Writing is my drug. I am a junkie for words. The more time I spend getting thoughts out of my head and onto paper (or into a text file), the more time I want to spend continuing to do just that. I let hours dwindle away without so much as a glance at the world outside my imagination. I have been known to pause mid-shower to step out and make note of a brilliant idea that just popped into my head. There are times I cannot sleep because the creative engine in my brain is chugging away at top speed and conveniently forgot to replace the brakes before it left. I crave the grip of a pen, the delicate tapping of a keyboard. It enslaves me. It is my greatest and most euphoric high.
Like many writers, I am a keen observer. I look for life’s little nuances, the ones that point to the potential for a great story. I notice things that others might not. I capture fleeting moments not with pictures, but with words.
So what happens to someone like me when words fail?
Everyone has experienced a moment like that. Looking out over a colorful sunset so powerful not even a photograph could capture its beauty. Thinking about someone you love without a clue how to describe your feelings toward them. Moments that are felt so deeply and wholly that they are impossible to articulate using mere language. These miraculous fragments of our lives are what define and motivate us, and yet they cannot be shared in their entirety with anyone. They belong to us alone, pieces of our deepest selves. No matter how many times we try to explain them to others, they will never be so firmly integral as they are to us.

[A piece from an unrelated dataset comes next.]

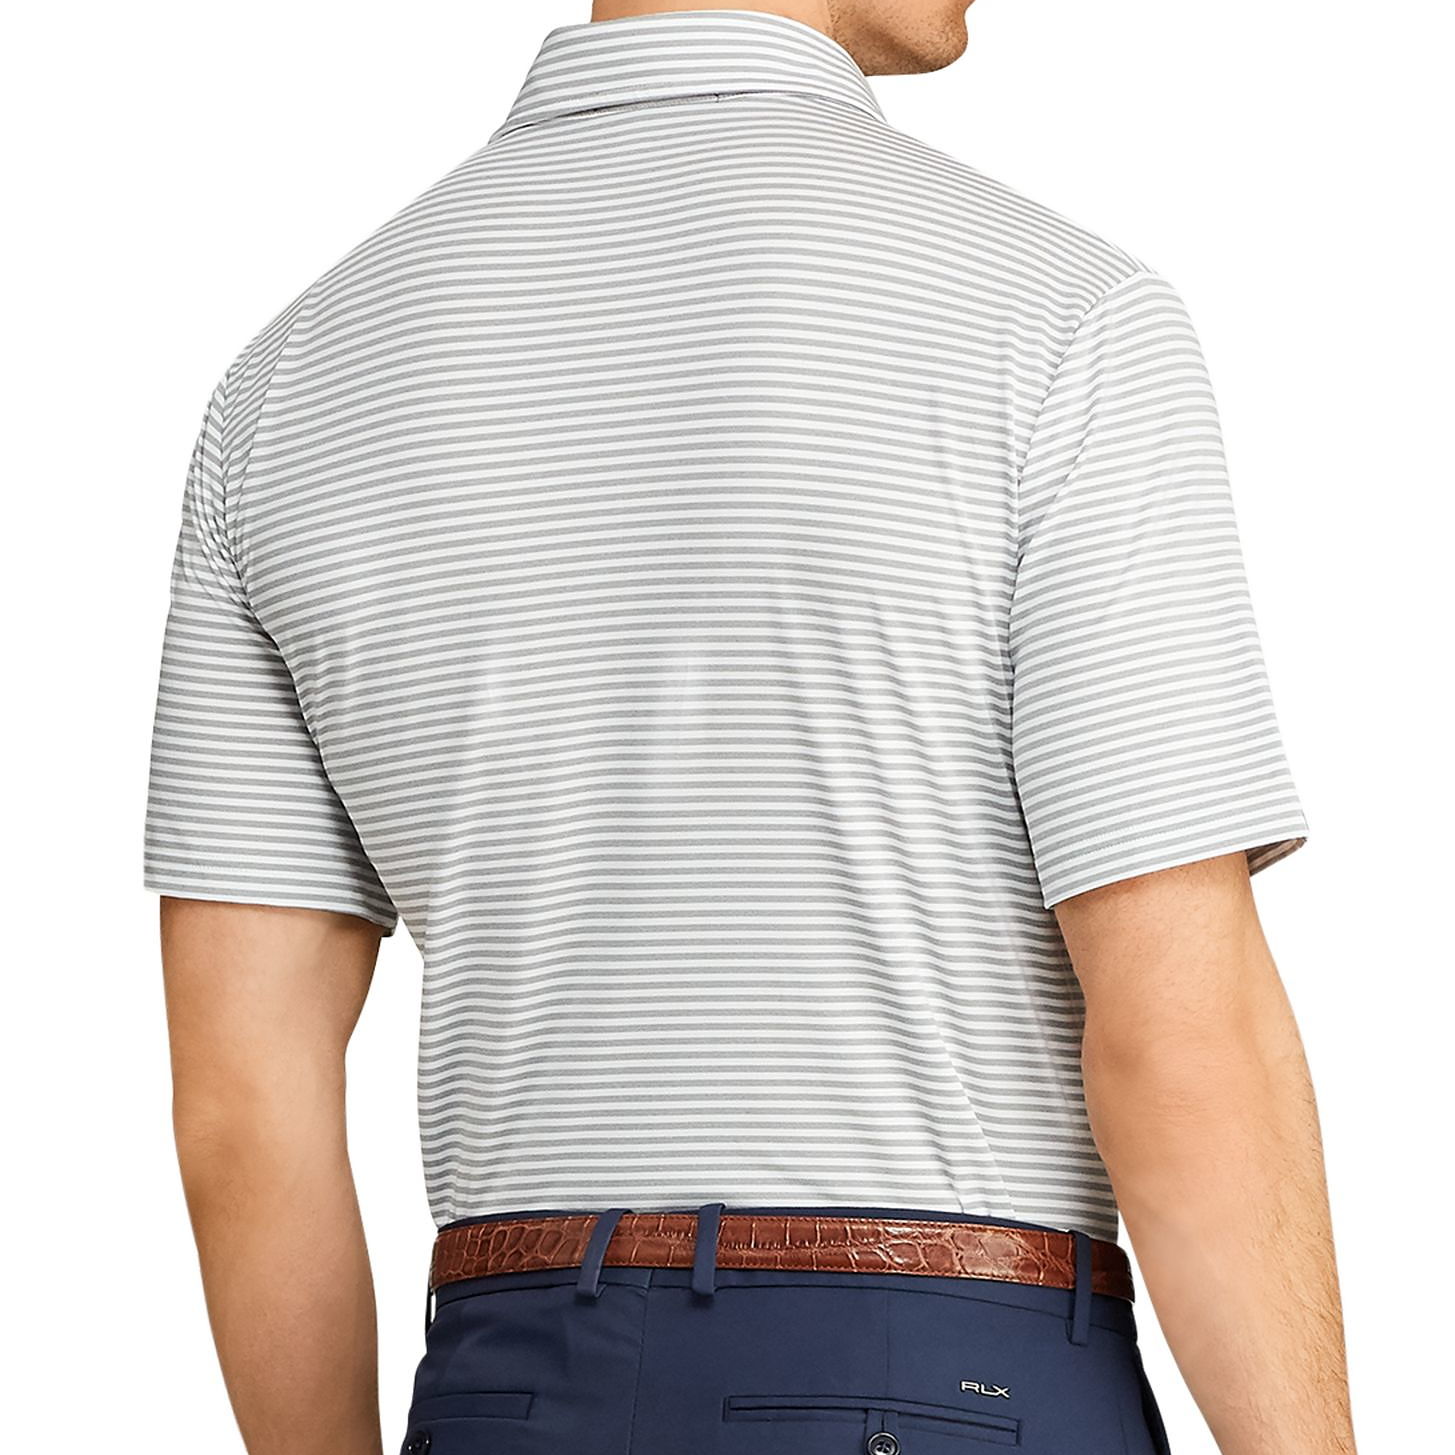 RLX Golf Ralph Lauren Mens Striped Moisture Wicking Polo Shirt (Large, Grey) - image 2 of 2

The challenge of capturing these moments is undertaken every day by writers, photographers, musicians, painters, and countless other artists. Many have risen to the occasion and created masterpieces so moving they can bring an audience to tears. But a vast majority of the human race lacks that seemingly innate ability to express the inexpressible. We face the unfortunate possibility that the people who experience the most profoundly life-changing events are among those who cannot describe them. That scares me. And it also scares me that I might be one of those people.
When I witness a moment of true beauty or clarity or raw sensitive emotion, I commit it wholeheartedly to memory. I notice the way it feels all the way into the tiny crevices of my bones, cementing every piece of it into the very essence of my being. But I am perpetually tormented by the idea that I might never be able to to find the words to share that moment with anyone else. Even now, as my fingers hover over the fading letters on my keyboard, I worry that the words I’ve penned today have not successfully conveyed the enormity of this issue, and of my own fear and disappointment.
The greatest tragedy in a writer’s life is realizing that not everything is expressible in words, and that some moments live only in memory. But perhaps it is also a blessing. If the one certainty is that words cannot always be sufficient, then writers are unquestionably human, and thus are defined by that which is beyond the depth of their craft. When writing isn’t enough, we live.